'Til Death Do Us Part

About a month ago, Rob and I attended the most beautiful wedding I think I have ever been to. Honestly, I cried like every 20 minutes. It was so intimate because of Covid, it was so special because of the people who were getting married and it was so gorgeous because the venue was perfect, and the Ohio fall weather was the most pleasant it could have possibly been. After a delicious dinner and plenty of dancing, all the good vibes got me thinking about my own wedding. A lot of people ask me how I went from ardently against the institution of marriage to asking someone to marry me in seemingly under a year. Well, here it is…

When I was younger, because of the way marriage is portrayed so heavily as the end all be all, I dreamed of my wedding, my dress and all the fixin’s. But, as I got older, saw marriages establish and dissolve in front of my eyes and I, myself started having longer term relationships, I realized that perhaps maybe marriage isn’t all that it is cracked up to be. The cost of some weddings nowadays can buy you a small house and the current statistic is that some 40% of marriages end in divorce anyways. I am a fairly headstrong, stubborn, Aquarius so over time, that small realization blossomed into a complete distaste for the thought of legally binding yourself to another. For me, what seemed idyllic was a Goldie Hawn/Kurt Russell, life partner situation and I pretty much held this belief until I actually got married. I might still hold this belief if it weren’t for the situation that brought Rob and I together.

I have had a crush on Rob since the day that I met him. It all started when I quoted a line from the movie Hot Fuzz and he answered me with the next line in the movie. I was gobsmacked! I had NEVER met someone who had even heard of the movie, let alone knew it well enough to continue the dialogue. It was also his musical taste that led to hearts in my eyes. I hadn’t really met anyone who liked more than half of the music I liked. There were usually some minor overlaps with people but for the most part I was in a place where other people weren’t. Don’t get me wrong, there is even some music for instance, Gogol Bordello and Andrew Bird, that Rob says is a hard pass. But the circumstances with which I met Rob, him being the manager of the restaurant I worked at, didn’t make the desired outcome seem possible. Namely because it was very much frowned upon and he is hard worker and he wouldn’t be the one who lost their job. It was ok though because I had plenty of things to focus on like school, plus in less than a year I knew I was moving to NYC for a bit and he had other things too, like his new girlfriend.
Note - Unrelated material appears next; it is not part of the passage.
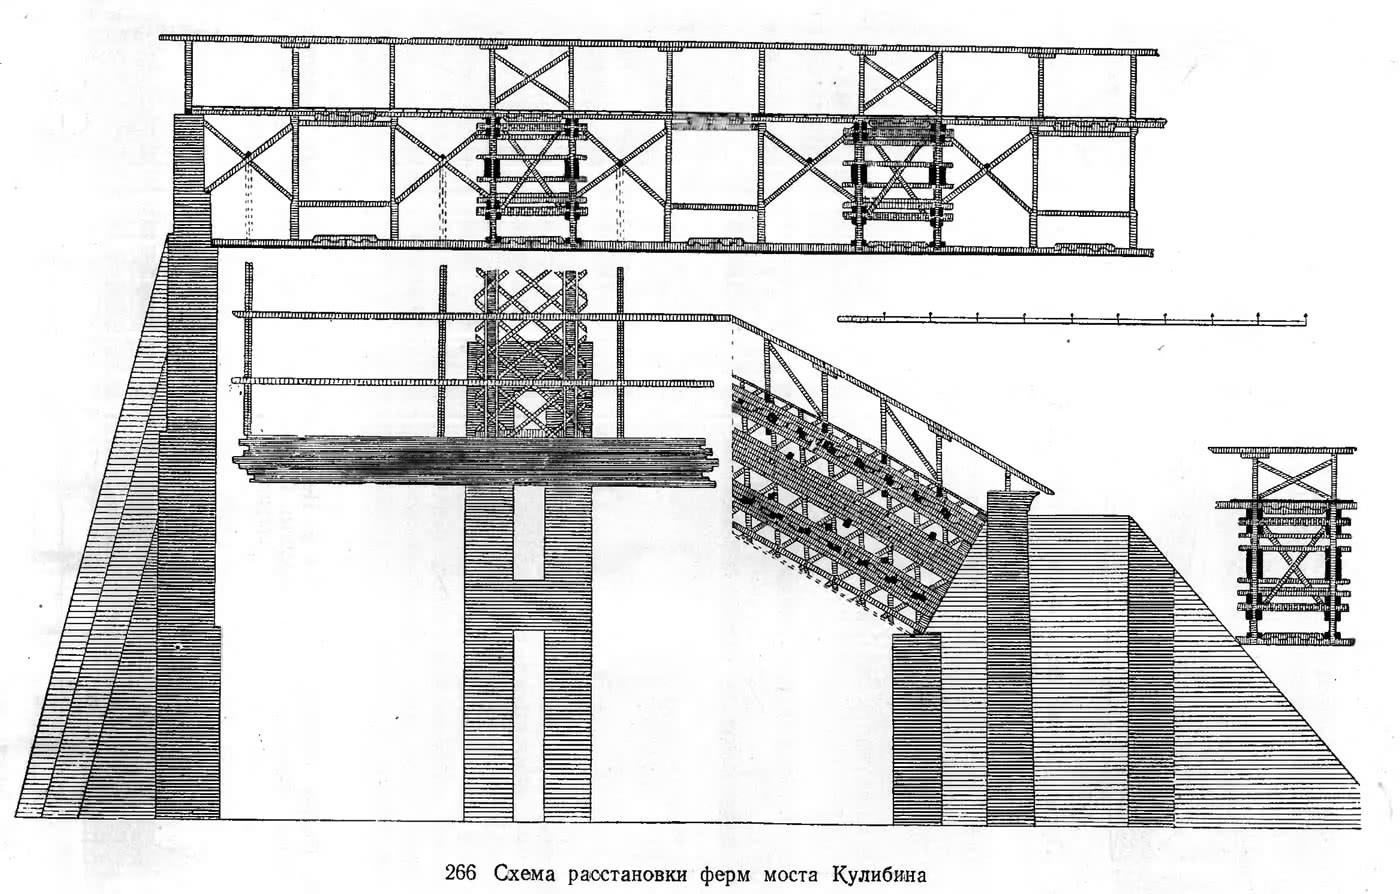 266. Схема расстановки ферм моста Кулибина

Fast forward to 2 years later: Rob and I started dating in secrecy after I came home from globetrotting for 9 months, I graduated college and we packed up and moved to Columbus, still very much planning living the domestic partnership life until the end of our days. But then I started thinking, I have never met a man who cares so much about me or my success as Rob does. He cares about our financial future, my credit health, my actual health and my career goals and aspirations. Not only that but, he is down for the ride. Our one-year of dating anniversary was approaching, and I was trying to figure out how I could show him all the love and support he shows me. I felt that my appreciation for this man would never change. I got a crazy idea and then it just happened. Sitting on the couch one day watching tv, I told him how I felt about him, I said that because we had had to hide our love for so long, we couldn’t celebrate it for what it is and I felt that we had something more special than just boyfriend/girlfriend. He looked at me and said, “Is this you asking me to marry you?”, I responded with a shy, “Yes”. He then said, “Of course I will marry you! When?” I said, “I don’t know, at the courthouse in like a month?”. So, just two weeks shy of our one-year anniversary, we eloped at the courthouse with our good friend as a witness.
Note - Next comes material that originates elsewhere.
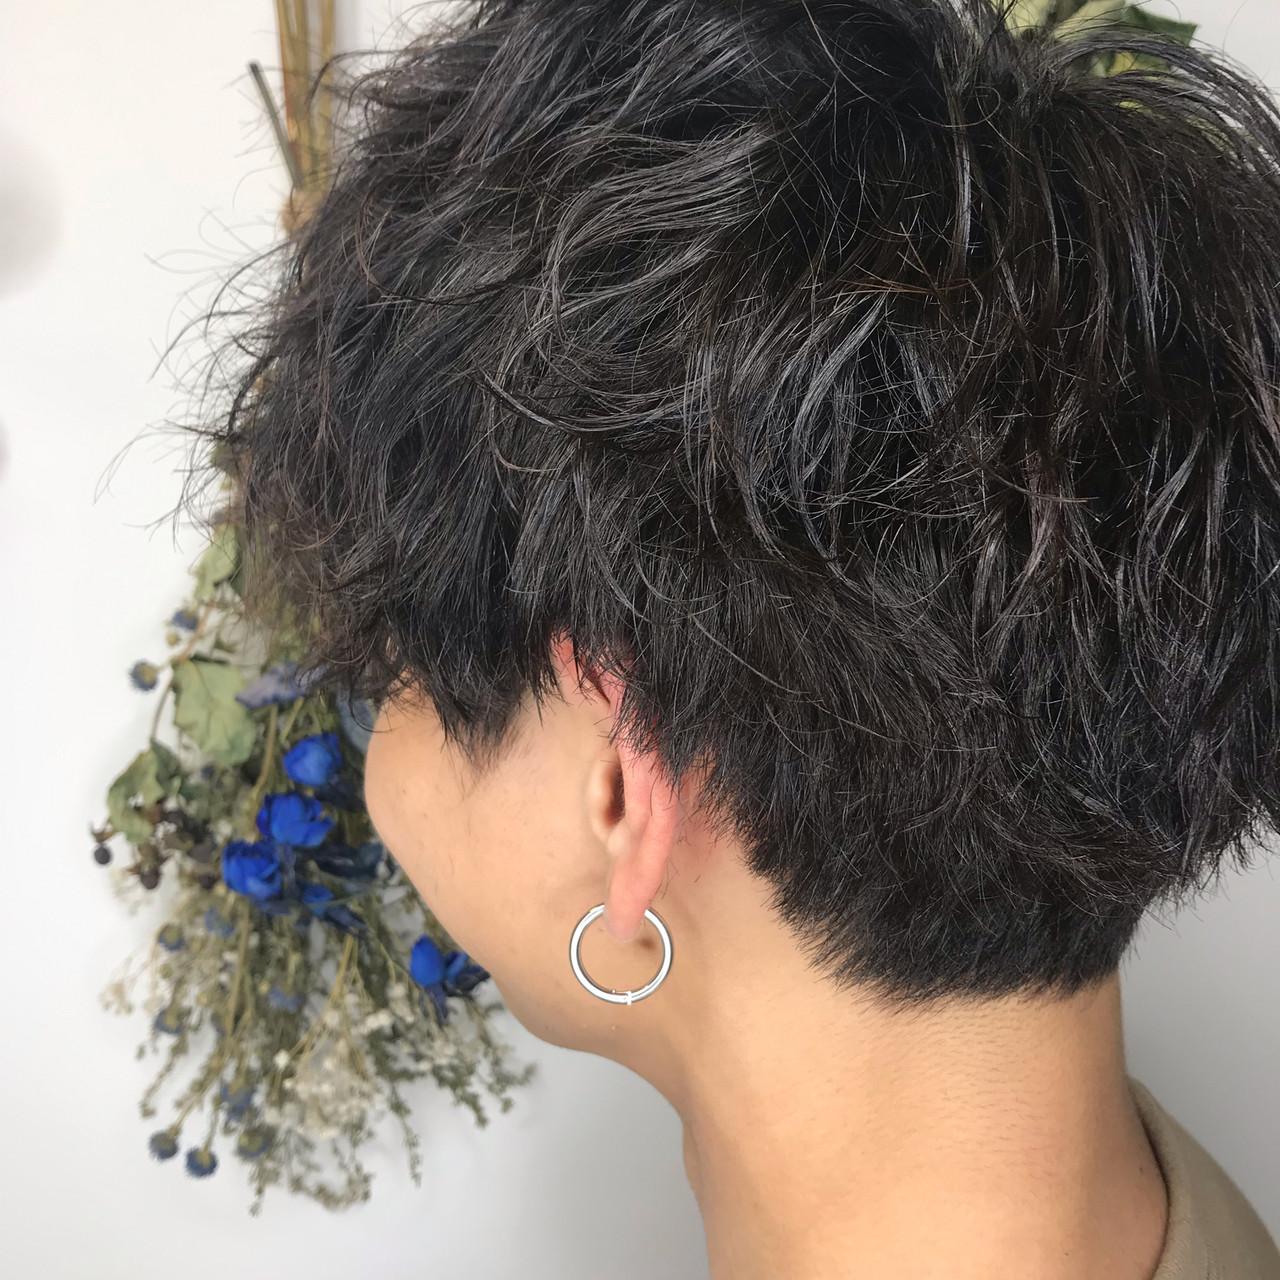 メンズカット ショート ツイスト ストリート ヘアスタイルや髪型の写真・画像 | 坂本高秀 / CHIANTI梅田

I think the reason I was most against marriage is because it seems constrictive. If something is going wrong or it is unhealthy, it’s difficult to leave. There is a lengthy, expensive process you must go through to free yourself. Whereas if you’re only life partners, you can simply walk away. I think what I learned when I met Rob is that marriage can be more like a promise of mutual respect. A promise that I respect you enough not to just walk away, that I will put work in. It isn’t about the word marriage or saying my husband/wife, we don’t even wear our wedding rings that often (only when we gettin’ fancy). It is about the respect for the relationship we have with one another and it is a sentiment that I have grown up enough to consider not just me and my feelings but also, you and your feelings and I promise to continue to do so. They say the first year of marriage is the hardest and ours consisted of starting new careers, me having cancer, a pandemic, one of us furloughed, getting by on one income and quarantine. But with Rob, I haven’t found any one of those or all combined to be insurmountable. On our one-year of marriage anniversary, over cheers at dinner I said, “I hate to break it to you babe, but I think we’re gonna be married for a while”. He responded, “I’m ok with that”.